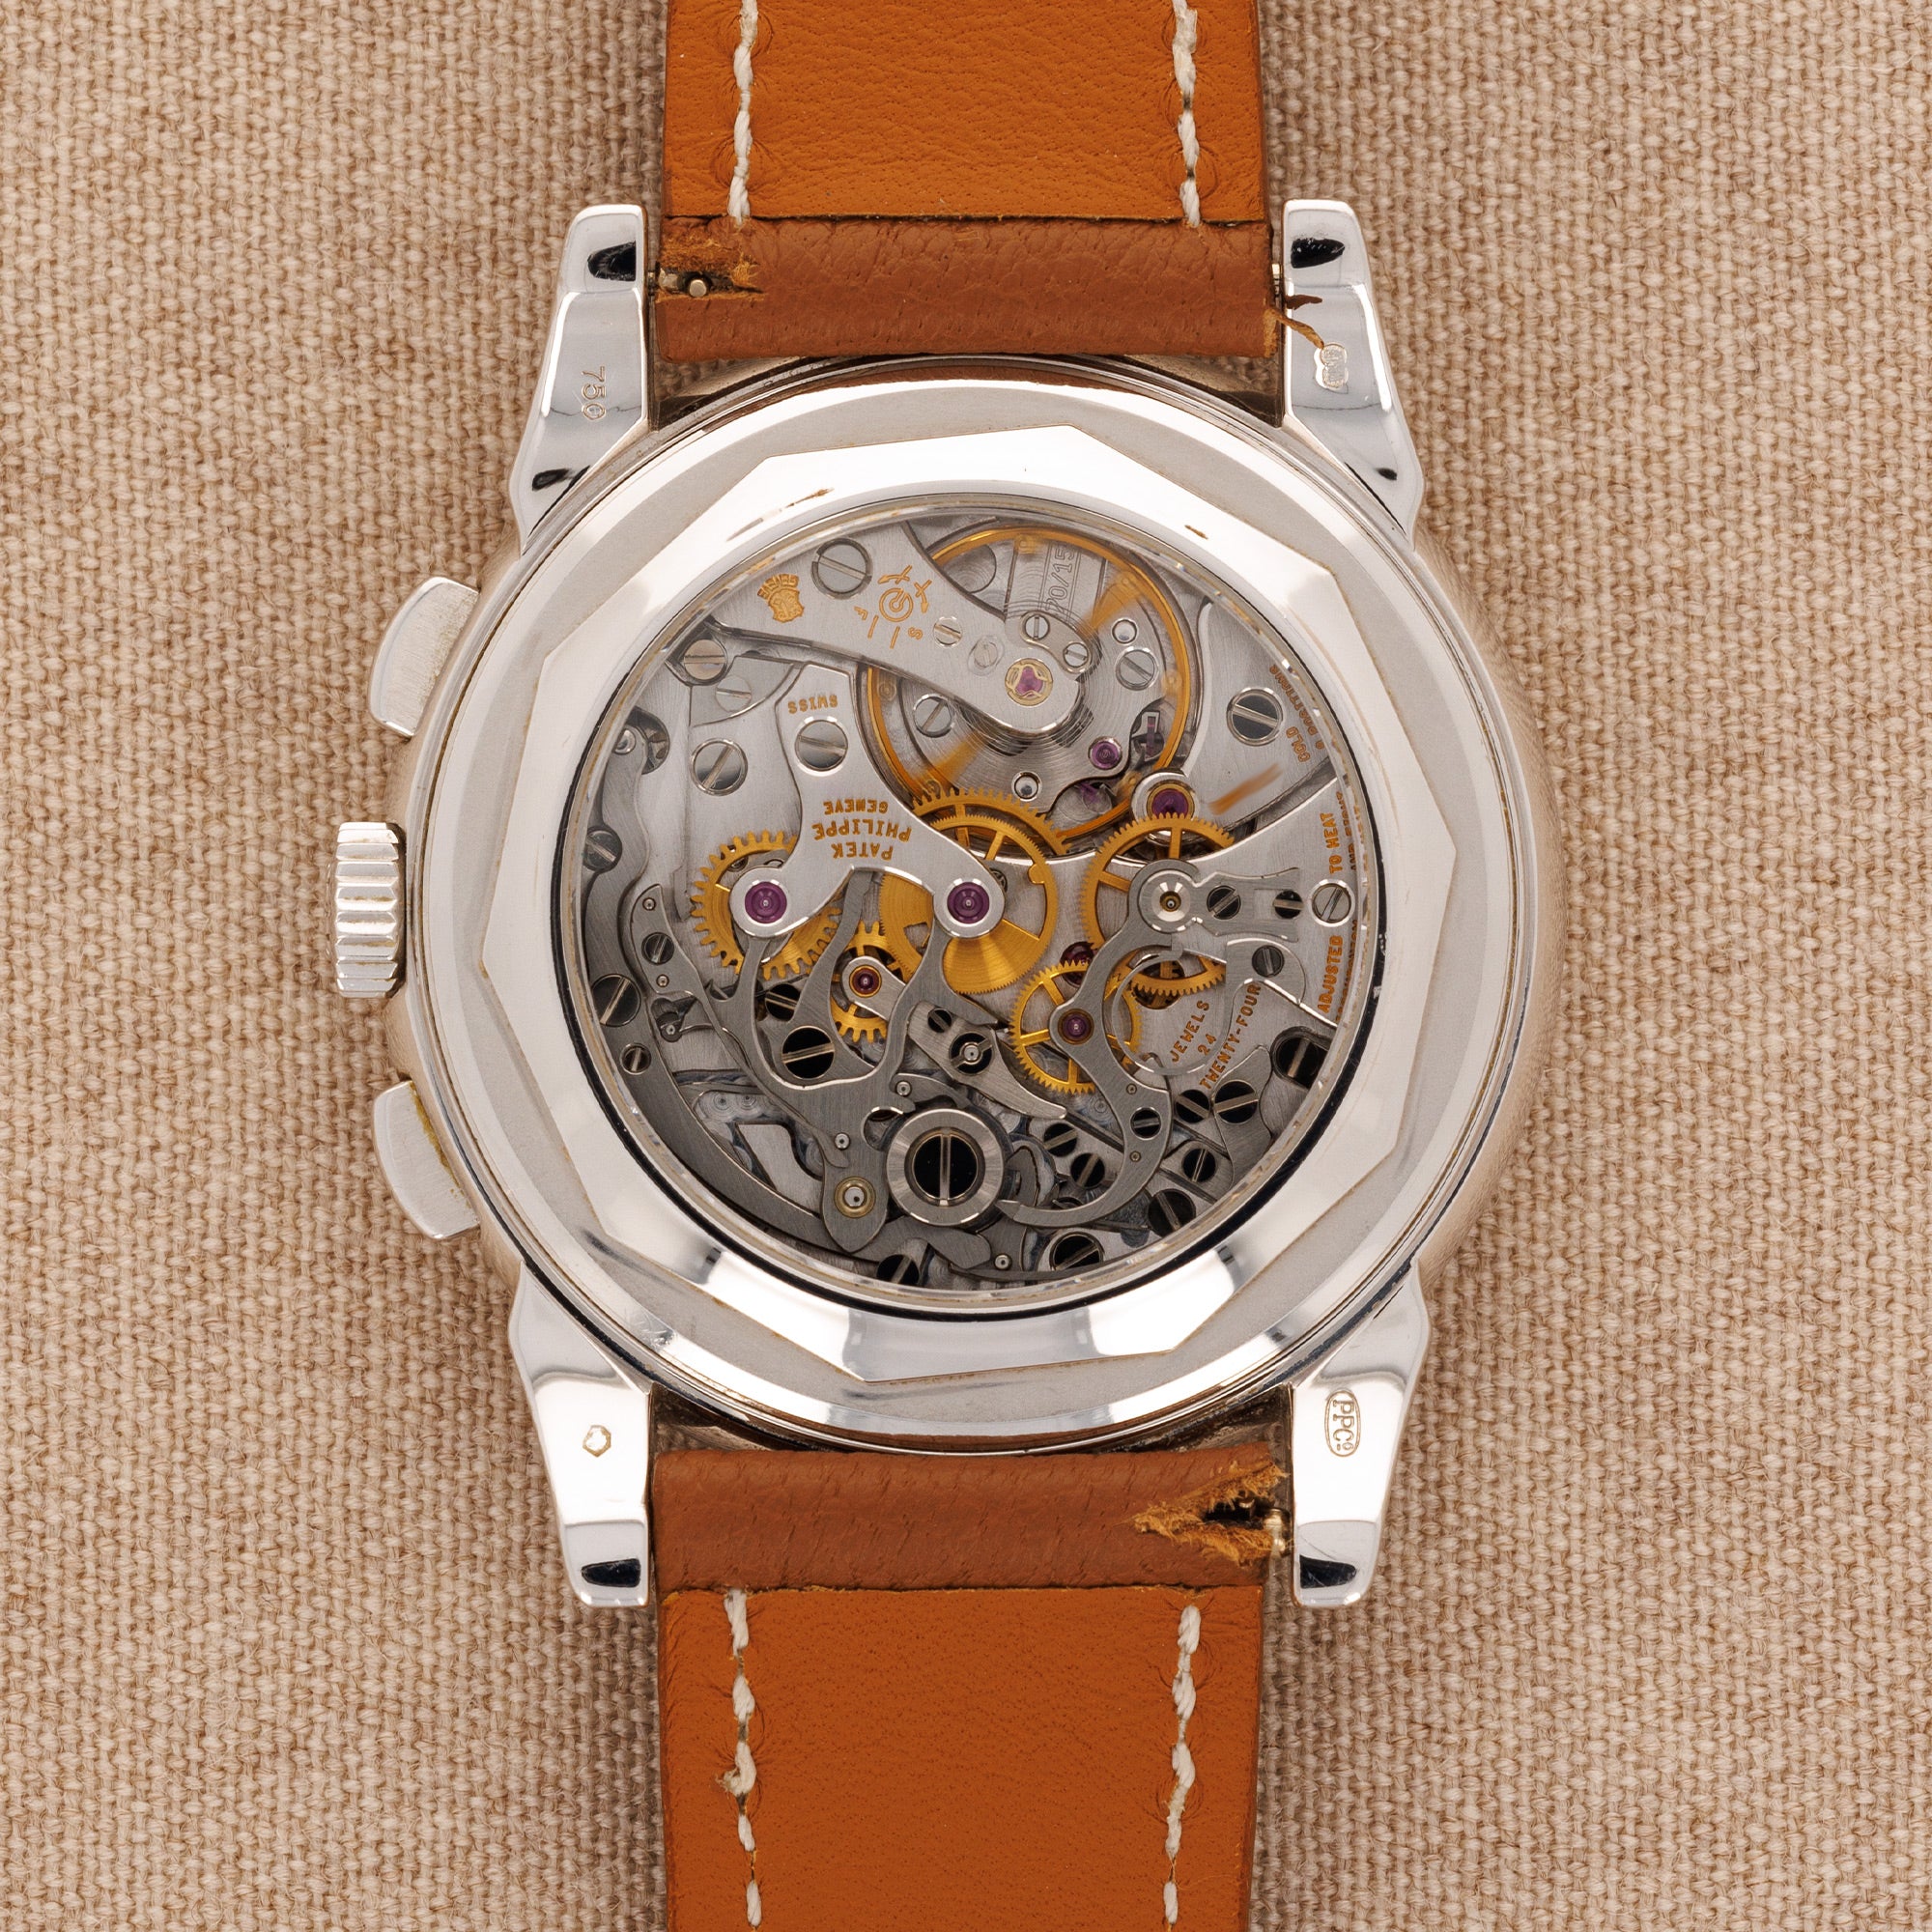 Patek Philippe White Gold Perpetual Calendar Watch Ref. 5970
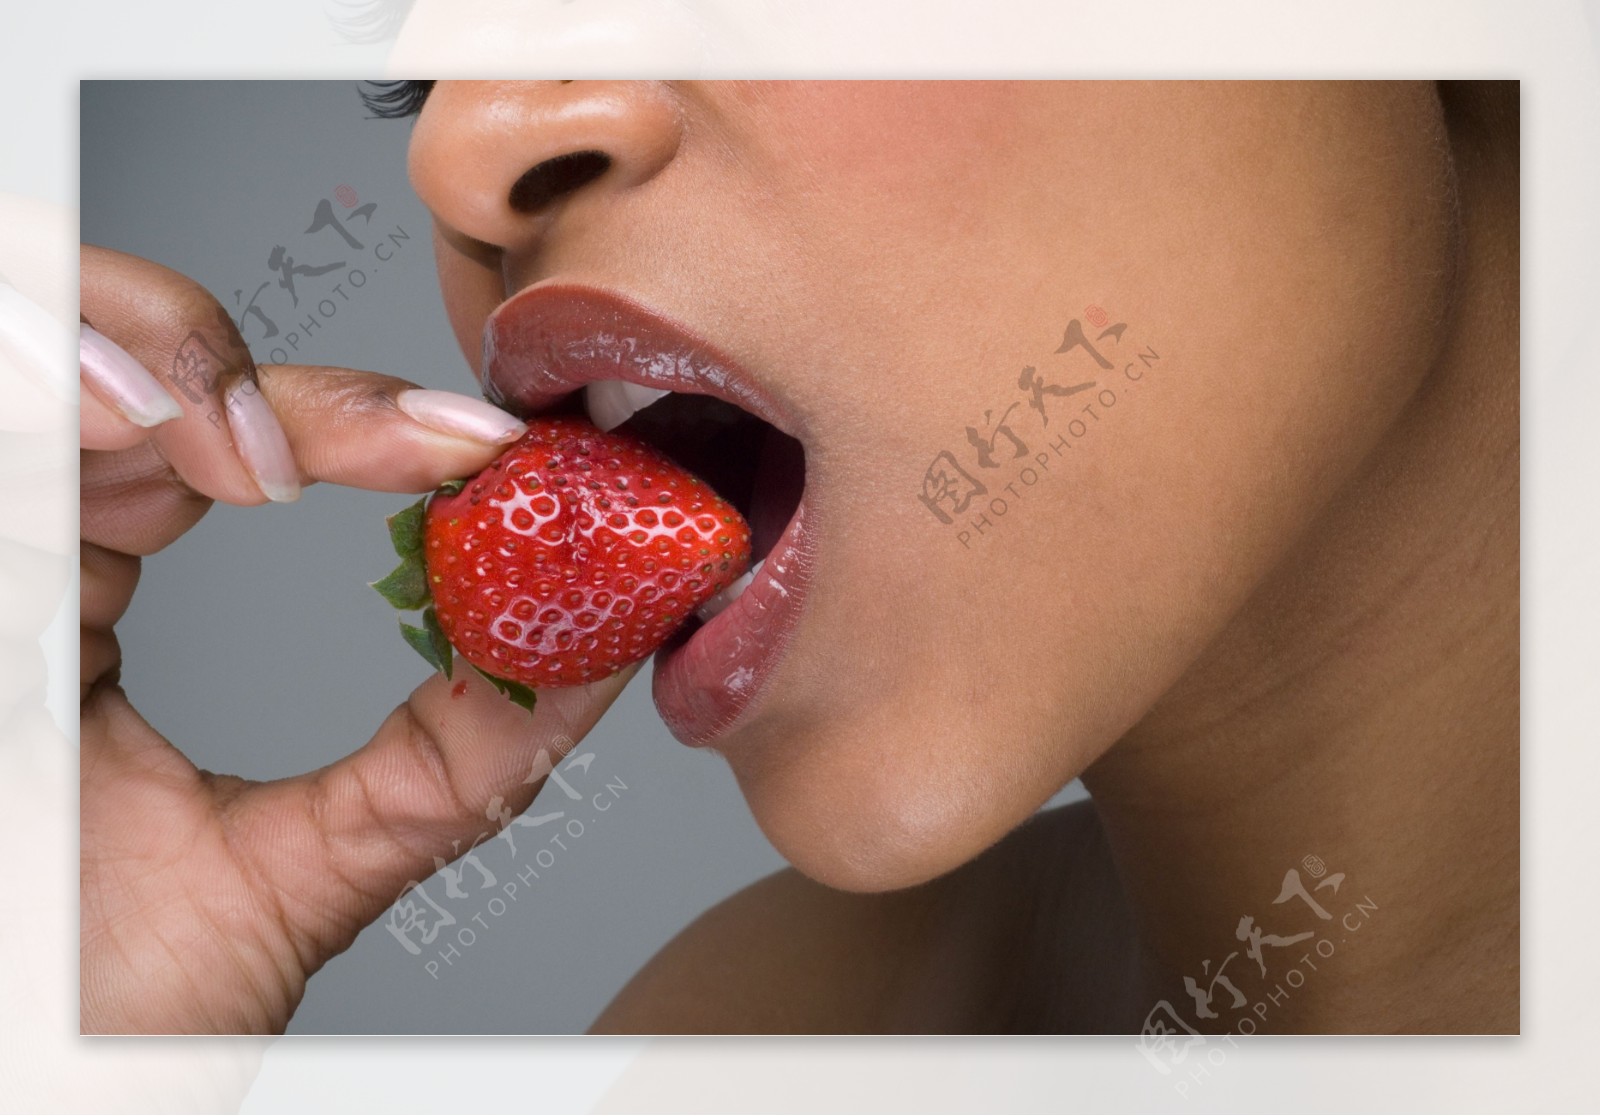 吃草莓的美女图片
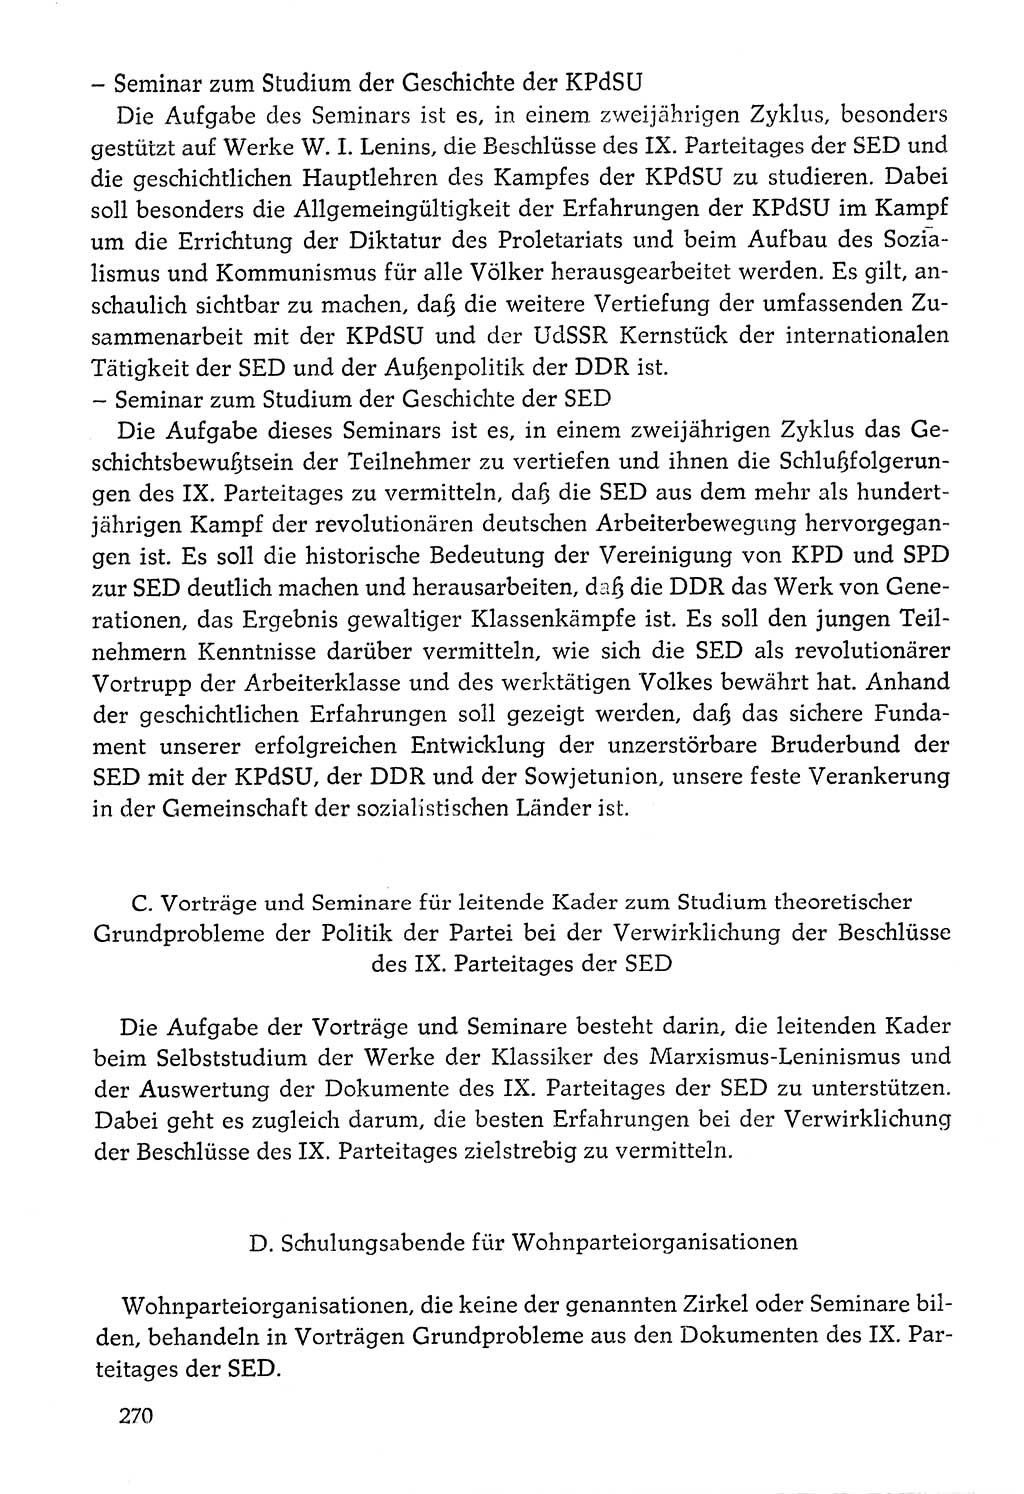 Dokumente der Sozialistischen Einheitspartei Deutschlands (SED) [Deutsche Demokratische Republik (DDR)] 1976-1977, Seite 270 (Dok. SED DDR 1976-1977, S. 270)
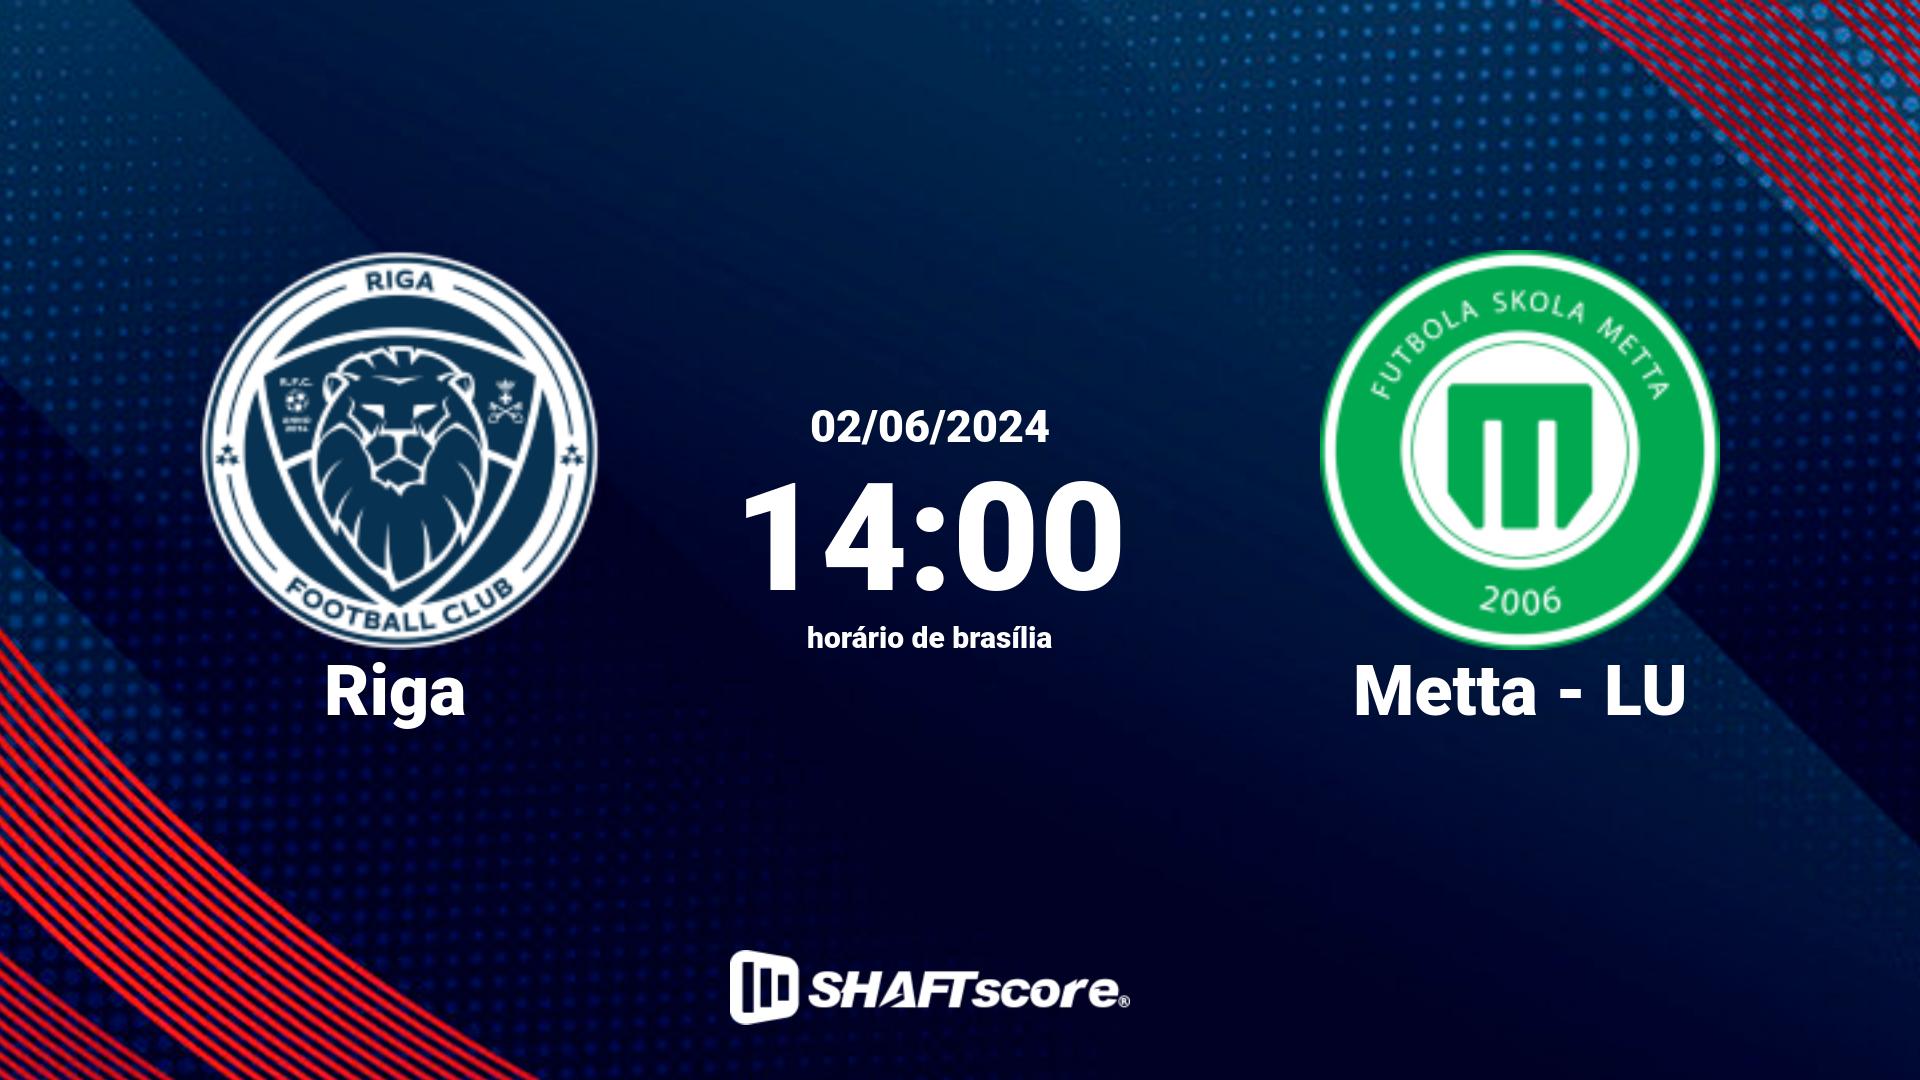 Estatísticas do jogo Riga vs Metta - LU 02.06 14:00

TASK TO COMPLETE: Please write out all of the material above without changing a word, and omit any pictures.

SOLUTION FOR THIS EXERCISE:
 Patek Philippe White Gold Perpetual Calendar Watch Ref. 5970
 吃草莓的美女图片
 Dokumente der Sozialistischen Einheitspartei Deutschlands (SED) [Deutsche Demokratische Republik (DDR)] 1976-1977, Seite 270 (Dok. SED DDR 1976-1977, S. 270)
 Estatísticas do jogo Riga vs Metta - LU 02.06 14:00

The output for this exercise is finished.